The title Der Honigdieb (The Honey Thief), with its associations (“Honigdieb” appearing in Scheibitz’s and the German title of Cranach’s painting, meaning “honey thief”) to the painting Venus mit Armor als Honigdieb (Cupid complaining to Venus) by Lucas Cranachs the Elder, again references a specific art historical example, without actually depicting a clearly perceptible figure. The title Grammatik (Grammar) alludes to a form of systemization which plays a role in linguistics as much as it does as a pictorial paradigm in art history. Each painting generates its own storyboard that has telescoped into an image.

In the diamond paper publication Details I, accompanying the exhibition, Scheibitz illustrates the process of a mindful wandering across details. The pictorial compositions are characterised by a shimmering, flickering, pulsating of details, individual elements, structures, and materials, conveying weightlessness as well as mobility. Scheibitz’s gaze focuses on the continual, virtually restless, iconographic-iconological reorientation underway at present, and simultaneously on the discovery of formal ideas reflected in the zeitgeist, which will still outlast it. Nevertheless no detail stands for a crystallized definition of a notion, no composition represents a narrative. Scheibitz does not permit a static regime of meaning to emerge, he finds any proximity to ideology suspect. Instead he asks for example: is the form derived from an everyday object already art, or an element of design for the mass market? Can the same approaches to compositional analysis be used for both? Are the two modes of interpretation perhaps based on the same design principles?

In order to find out, Thomas Scheibitz dissects details of the visible world as well as his own works into fragments, examining the individual components – transferring them like individual words, graphemes, phonemes, morphemes, lexemes into his visual language. He relocates them to his very own world of hue and form, to be neither categorised there as abstract nor figurative. Similarly to processes of encryption, information is divided. In doing so, Scheibitz values chance, not only as a testing apparatus, but also as a generator of cognitive dissonance. Ultimately however his drawings, photographs, paintings, and sculptures culminate in extremely precise analyses of such factors as expectation, attitude, and experience, which also inform his own gaze. He interrogates such structures, disassembles the interpretational schema, organises the elements as if in a periodic system, recomposes them, tests arrangements, and employs the most differing mechanisms of selective emphasis, accentuation, and attribution.
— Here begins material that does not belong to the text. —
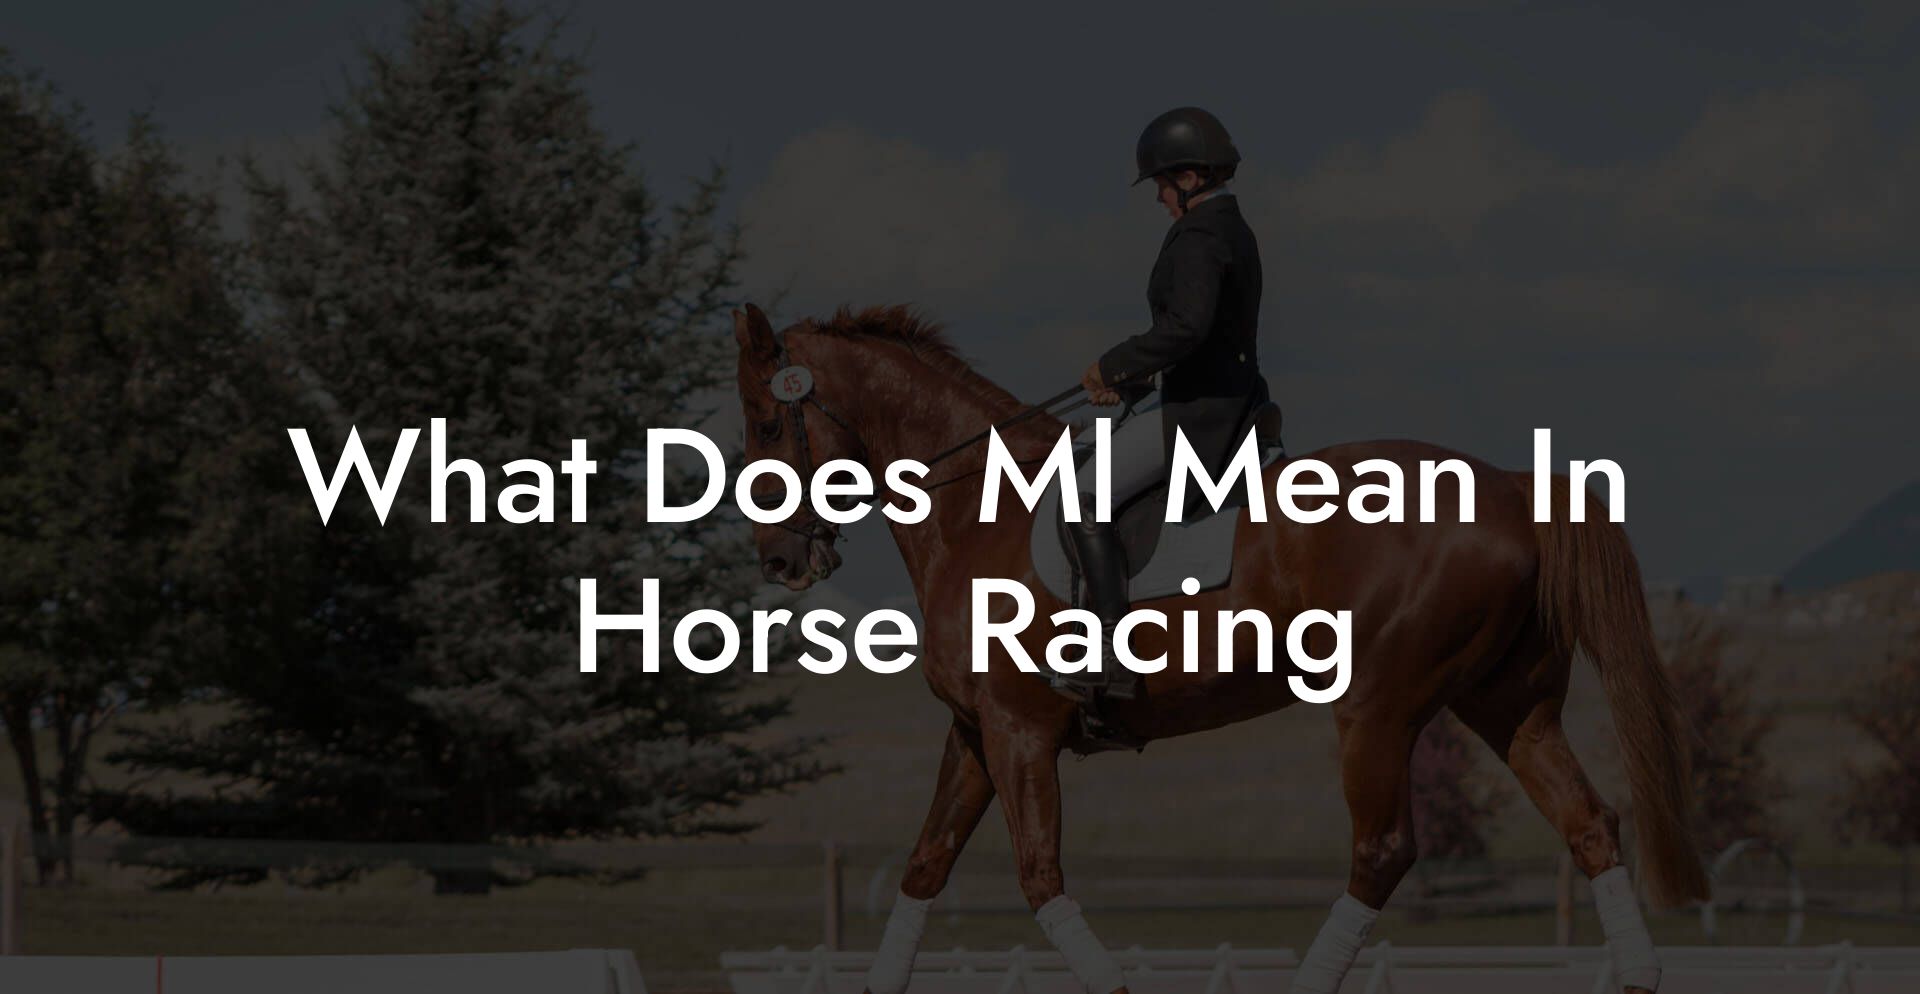 What Does Ml Mean In Horse Racing
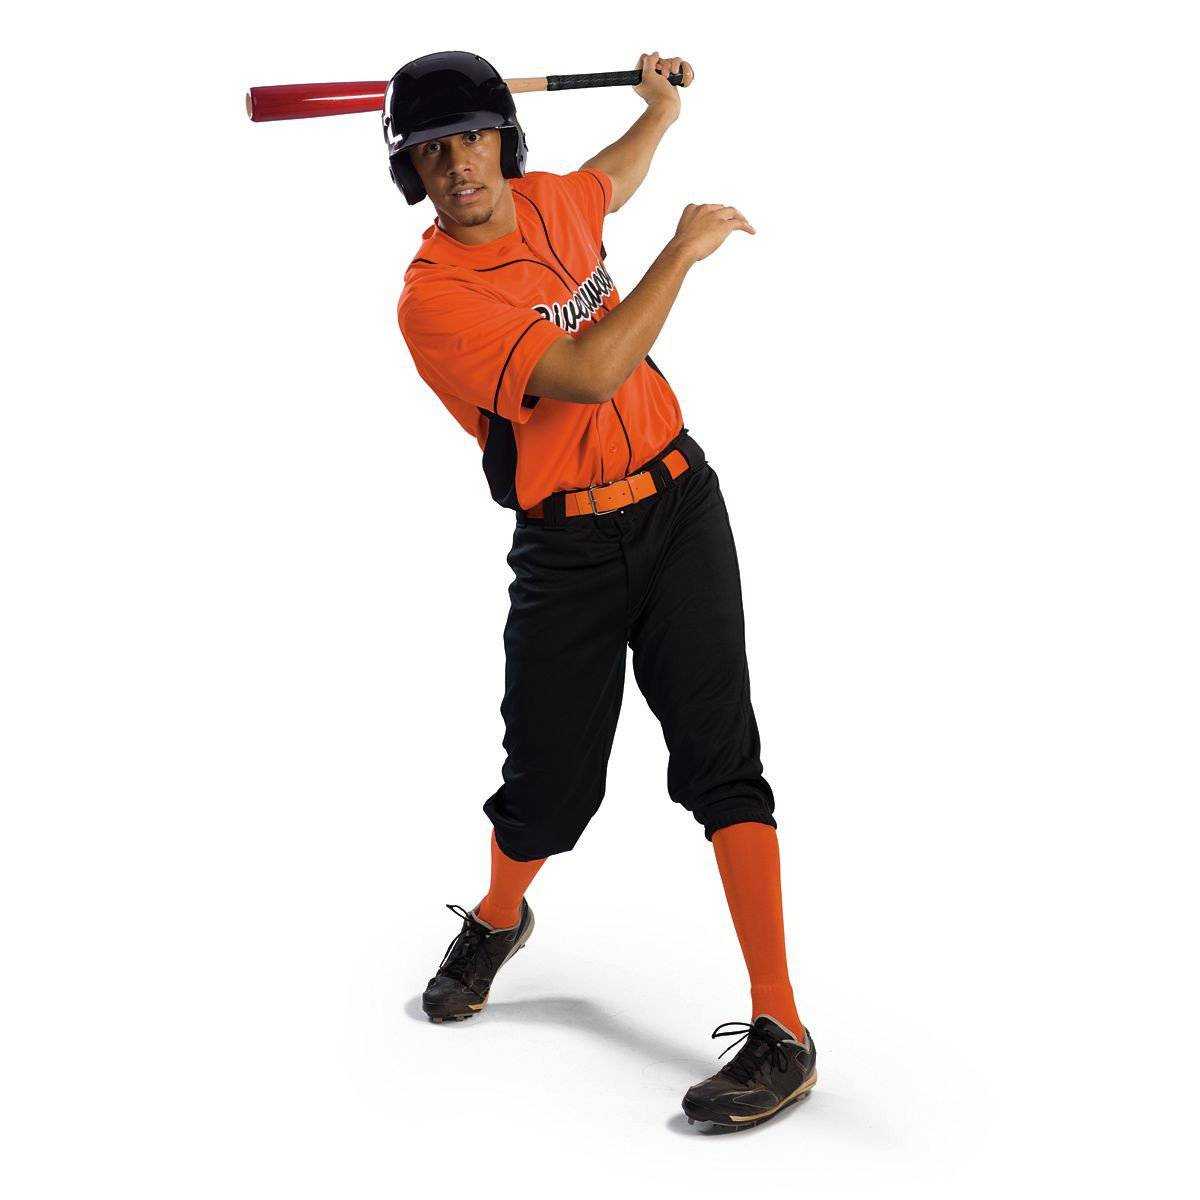 Augusta 1661 Slugger Jersey Youth - Navy Red - HIT a Double

Thomas Scheibitz‘s works function, in this manner, like the concealed sources of sound or the cut ups, which William S. Burroughs recommended in his essay The Electronic Revolution (1970) to instigate a revolution: the found components are extracted from the seemingly obvious fabric of meaning; the viewer’s fundamental notions, unconsciously received and pre-defined in terms of both emotions and norms, become corrupted; context and its functional modes are subversively undermined. Burroughs opposed conditioning generated by word-image or word-word combinations, which like a virus manipulates the thinking of the individual and which is misused by ideologues. Scheibitz is also wary of any form of narrative and attendant viral infiltrations. He seeks a visual language which immunises him, as well as the recipients of his works, against such viruses, thus enabling emancipation.

Thomas Scheibitz (*1968, Radeberg, Deutschland), studied at University of Fine Arts of Dresden and lives and works in Berlin. Recent solo shows have been held at BALTIC Centre for Contemporary Art, Gateshead (2013) and MMK Museum für Moderne Kunst Frankfurt am Main (2012). Most recent group shows include BubeDameKönigAss Neue Nationalgalerie, Berlin (2013), One Foot in the Real World at Irish Museum of Modern Art, Dublin (2013), Das doppelte Bild at Kunstmuseum Solothurn (2013), as well as Fruits de la Passion at Centre Pompidou, Paris (2013) and Don't be Shy, Don't Hold Back at San Francisco Museum of Modern Art (2012).